Clearly, peripheral low grade inflammation is common; if 36% of cognitively unimpaired older individuals display elevated IL-6, and roughly 70% of those with cognitive impairment also do so (such individuals make up roughly 20% of the aging population, according to the Alzheimer Society of Canada69), then roughly 42% of older individuals show peripheral inflammation. Moreover, there is a clear split—about half of such individuals would show some form of cognitive impairment, while the other half do not. This in itself is illuminating—clearly the presence of peripheral inflammation, while predisposing towards development of cognitive impairment, is not incompatible with the presence of normal cognition. Ongoing longitudinal follow-up of this Canadian cohort should allow us to better understand the prognosis of low grade peripheral inflammation in those who are cognitively unimpaired.

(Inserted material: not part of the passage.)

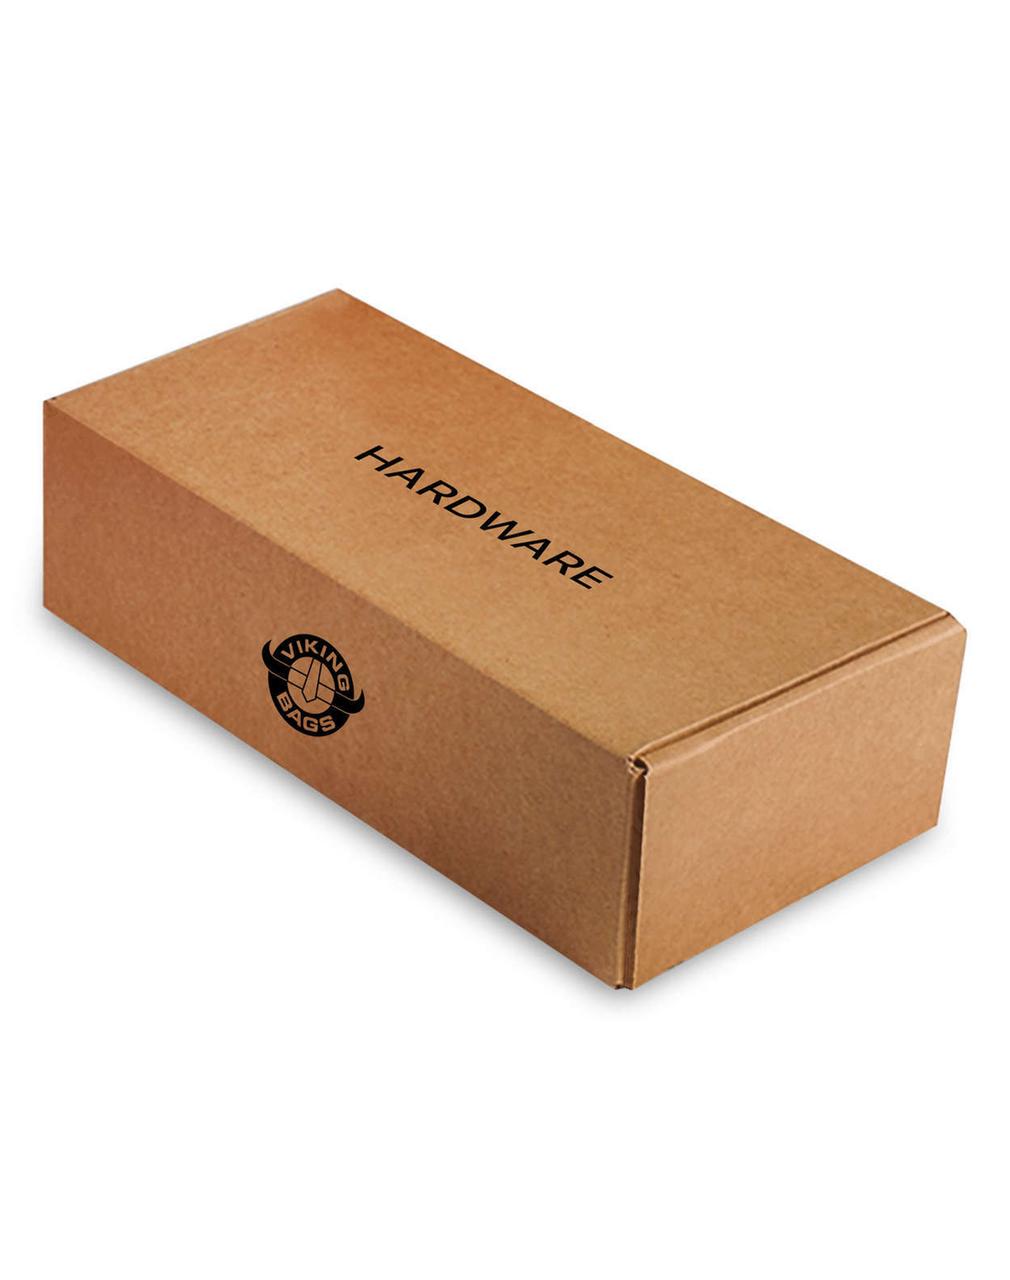 Honda 1100 Shadow Aero Viking Lamellar Leather Covered Shock Cutout Hard Saddlebag Box

We trust that a better understanding of the mechanisms related to the effects of peripheral inflammation, neuroinflammation, and cognitive impairment may contribute to the prevention and treatment of dementia. Future studies in this cohort will investigate the association between peripheral inflammation and neuro-inflammation in relation to other biomarkers of cognitive impairment and dementia.
Acknowledgements
This paper uses data from the COMPASS-ND study of the CCNA (The Canadian Consortium on Neurodegeneration in Aging) which is supported by a grant (# FRN1632902) from the Canadian Institutes of Health Research with funding from several partners (Brain Canada, Alzheimer Society of Canada, Women's Brain Health Initiative, Picov Family Foundation, New Brunswick Health Research Foundation, Saskatchewan Health Research Foundation, Ontario Brain Institute). Dr Howard Chertkow is the Scientific Director of CCNA and a member of the COMPASS-ND cross-cutting program. Dr Pedro Rosa-Neto is leader of CCNA Team 2: Inflammation & nerve growth factors. Dr Natalie Phillips is leader of Team 17: Interventions at the sensory and cognitive interface. Dr Michael Borrie is the COMPASS-ND Lead.
Ethical considerations
Ethics approval for secondary data analysis was obtained from Baycrest Health Sciences Research Ethics Board on February 11, 2025 (REB# 25-06).
Consent to participate
Written informed consent was obtained from all participants.
Consent for publication
Not applicable
Declaration of conflicting interests
The authors declared the following potential conflicts of interest with respect to the research, authorship, and/or publication of this article: Pedro Rosa-Neto has received personal compensation in the form of consulting fees from Novonordist, Eisai, and Eli Lilly; spends 20% effort on relevant clinical procedures for McGill University Research Centre for Studies in Aging—Lumbar Punctures—biomarkers studies; and receives the following research support: Operating Funding—Weston Brain Institute, Neuroinflammation Research; Operating funds—Canadian Institutes of Health Research (CIHR) (FRN, 152985), Tau propagation Research; and Infrastructure Funds—Fonds de Recherche du Québec – Santé (FRQS; (MOP-11-51-31), Aging cohort.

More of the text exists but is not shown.